And then you do quintillions or sextillions of small random adjustments to those parameters until you get the behavior that you want.
Yeah, it should work that way.
So I think what he's referring to, and this is something that several companies are now worried might start happening, is that the AI system becomes capable of doing AI research by itself.
And so you have a system with a certain capability.
I mean, crudely, we could call it an IQ, but it's not really an IQ.
But anyway, imagine that it's got an IQ of 150.
It uses that to do AI research, comes up with better algorithms or better designs for hardware or better ways to use the data.

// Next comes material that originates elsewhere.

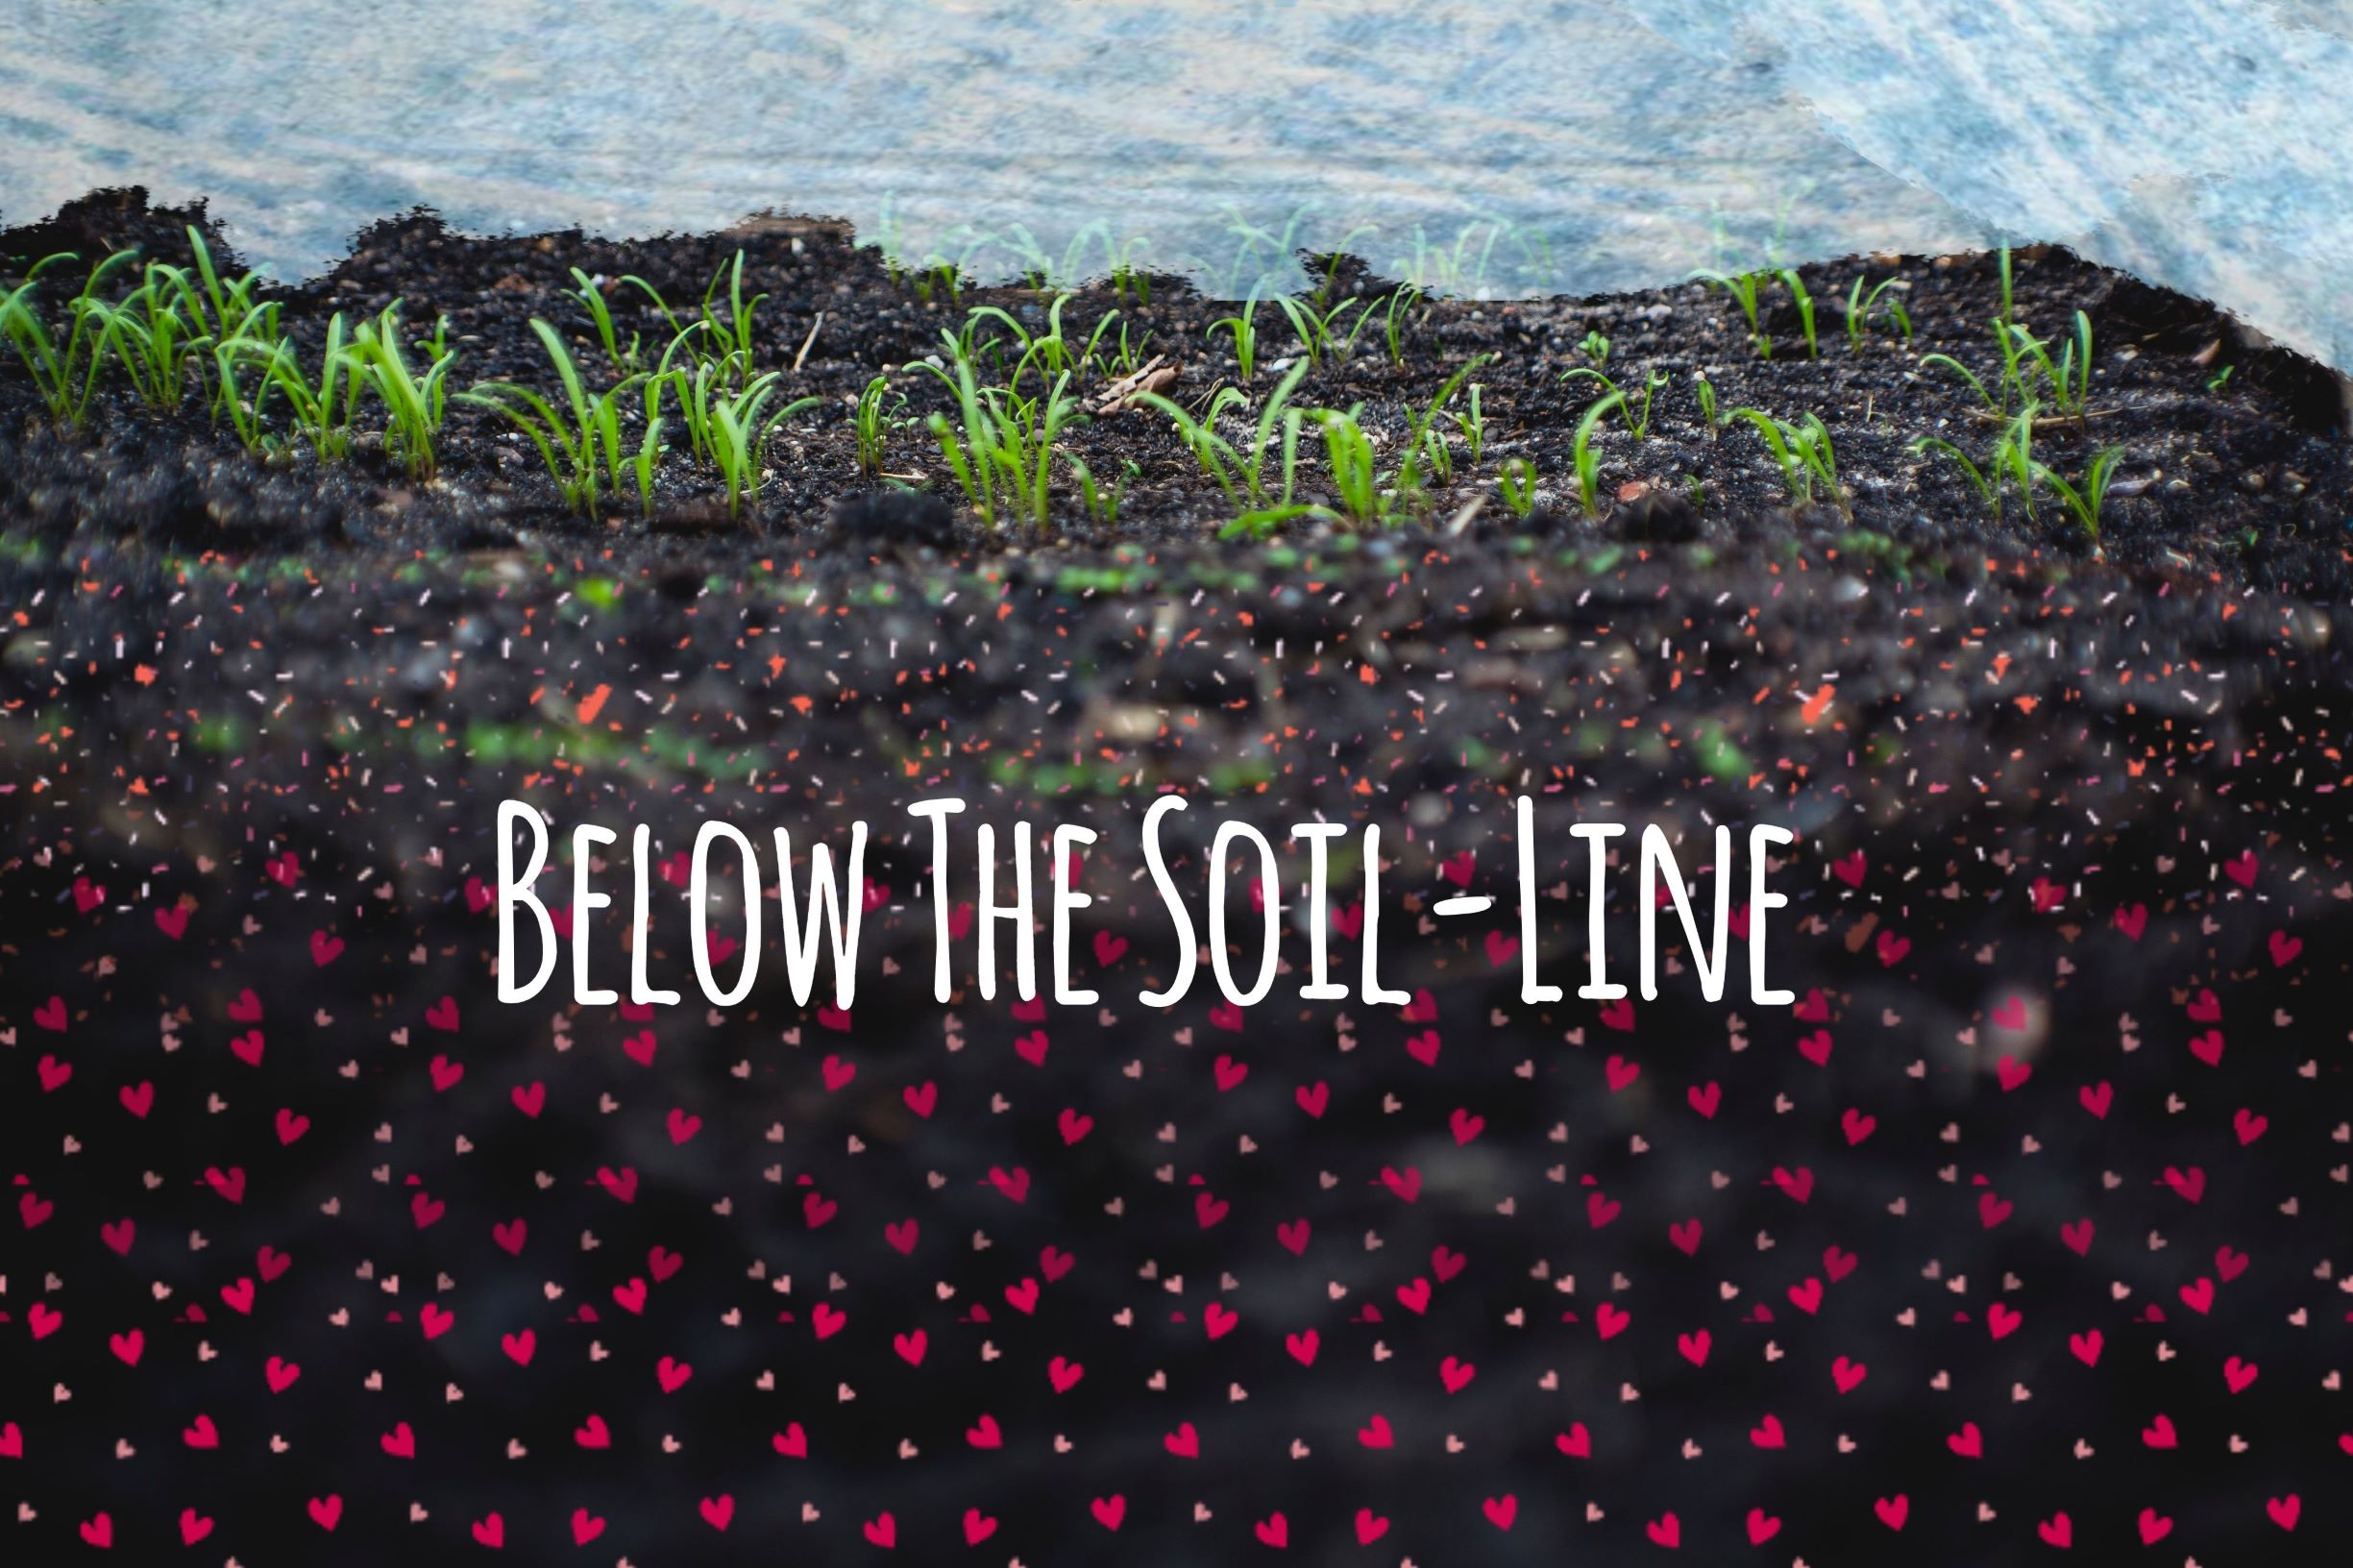 Below the Soil-line

updates itself, now it has an IQ of 170.
And now it does more AI research, except that now it's got an IQ of 170.
So it's even better at doing the AI research.
And so, you know, next iteration, it's 250, and so on.
So this is an idea that one of Alan Turing's friends, I.J.
Goode, wrote out in 1965, called the intelligence explosion, right?
That
One of the things an intelligent system could do is to do AI research and therefore make itself more intelligent.
And this would very rapidly take off and leave the humans far behind.
The event horizon is a phrase borrowed from astrophysics, and it refers to the black hole.
And the event horizon, think if you've got some very, very massive object that's heavy enough that it actually prevents light from escaping.
That's why it's called the black hole.